I shouldn’t have to vibe code my way out of every little accessibility problem.
I’m also not sold on using cloud AI for sensitive things. I understand why someone might want AI to read a medication label, but personally I would not trust it for medication, banking, credit cards, or anything like that. Maybe when more of this runs privately on-device, but not yet.
So yes, build the useful structure. Just don’t turn it into another hype train.
An old term in the back of my mind
Screen Scraping. I remember that being an issue of screen readers, that they had to resort to getting information from the video output or something because nothing was exposed to them by apps or the operating system.
I don't know anything about coding, so the big, dumb questions that pop into my mind are: Is AI going to become the new screen scraping for screen readers because developers find it a burden to bolt on the accessibility gobbledygook? Or is AI going to make it easier or even automatic for developers to expose the app gobbledygook to the screen reader?
The article's argument.
The article's claim is that you won't need to use anything remotely like screen scraping because the AI speaks language and so does the screen reader. So you'll get the accessible information. But as Cool TUrk points out, there's sort of an issue.
Suppose Awesome Shopping Cart Inc. has a web API that let's you do everything. It has a website and a mobile app, but they're both inaccessible. OK, well, we do get all of the underlying stuff through the API, but *somebody* has to build an interface to that API. In other words, somebody has to write an accessible website and/or mobile app based on what the API gives you access to.
Are we going to see the same thing with AI? Presumably the idea is you either talk or type at the AI, or we build AI into screen readers. If, so says the article, you make the process accessible, in other words if the AI tools are accessible, then we get to build whatever we want, assuming the AI can do it. So you're either building temporary things on the fly, or building a permanent AI app/addon for your screen reader.
On the one hand, great, it gives us more options, always assuming it works. OTOH, you get to try and figure out how to get a machine to do what you want, again. Or somebody does, if the AI results are sharable. While I'm *always* a fan of more options, I think there are a lot of considerations that tend to get ignored. Again, Cool Turk points out some people might not be able to talk to an AI, or might not want to, for various reasons. That covers typing as well.
There are a lot of non-AI supposedly non-coding solutions, you can build an app, and you don't need to program! Except you do. It's just not super complicated programming. Instead of writing a whole program, maybe you write a string or two saying, connect this as a data source and pull data from there. AI will make that easier, in theory. But promises aren't actuality, which is largely my point with AI, there's a lot of hype. I absolutely agree with this article, let's get the standards accessible. AI isn't going away, it *is* making improvements in accessibility, issues and possible issues notwithstanding, so let's figure out how to improve the accessibility of the whole thing, and keep it that way.

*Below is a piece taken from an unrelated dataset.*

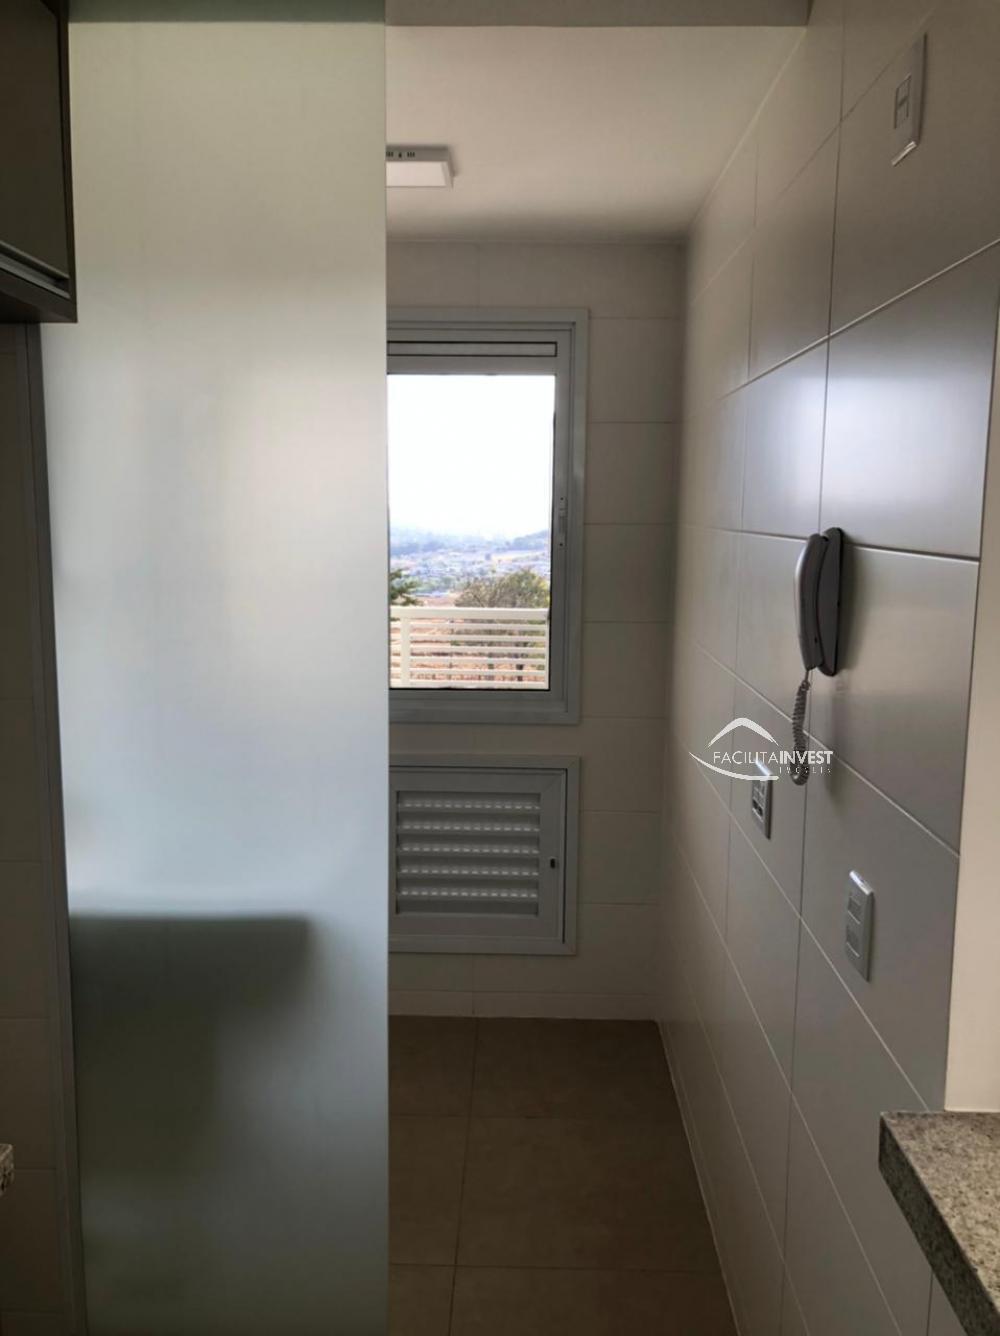 Alugar Apartamentos / Apart. Padrão em Ribeirão Preto R$ 3.200,00 - Foto 7

And to return to my original point, the language thing is pretty fascinating. A technology developed for and by us, over years, is actually kind of just what AI needs. And it's what AI can give back as output, if we get it right. So in theory, that means increased accessibility. But let's be clear. You, or somebody, will still have to figure stuff out. AI will help, that's the idea, but it's not going to do stuff by itself.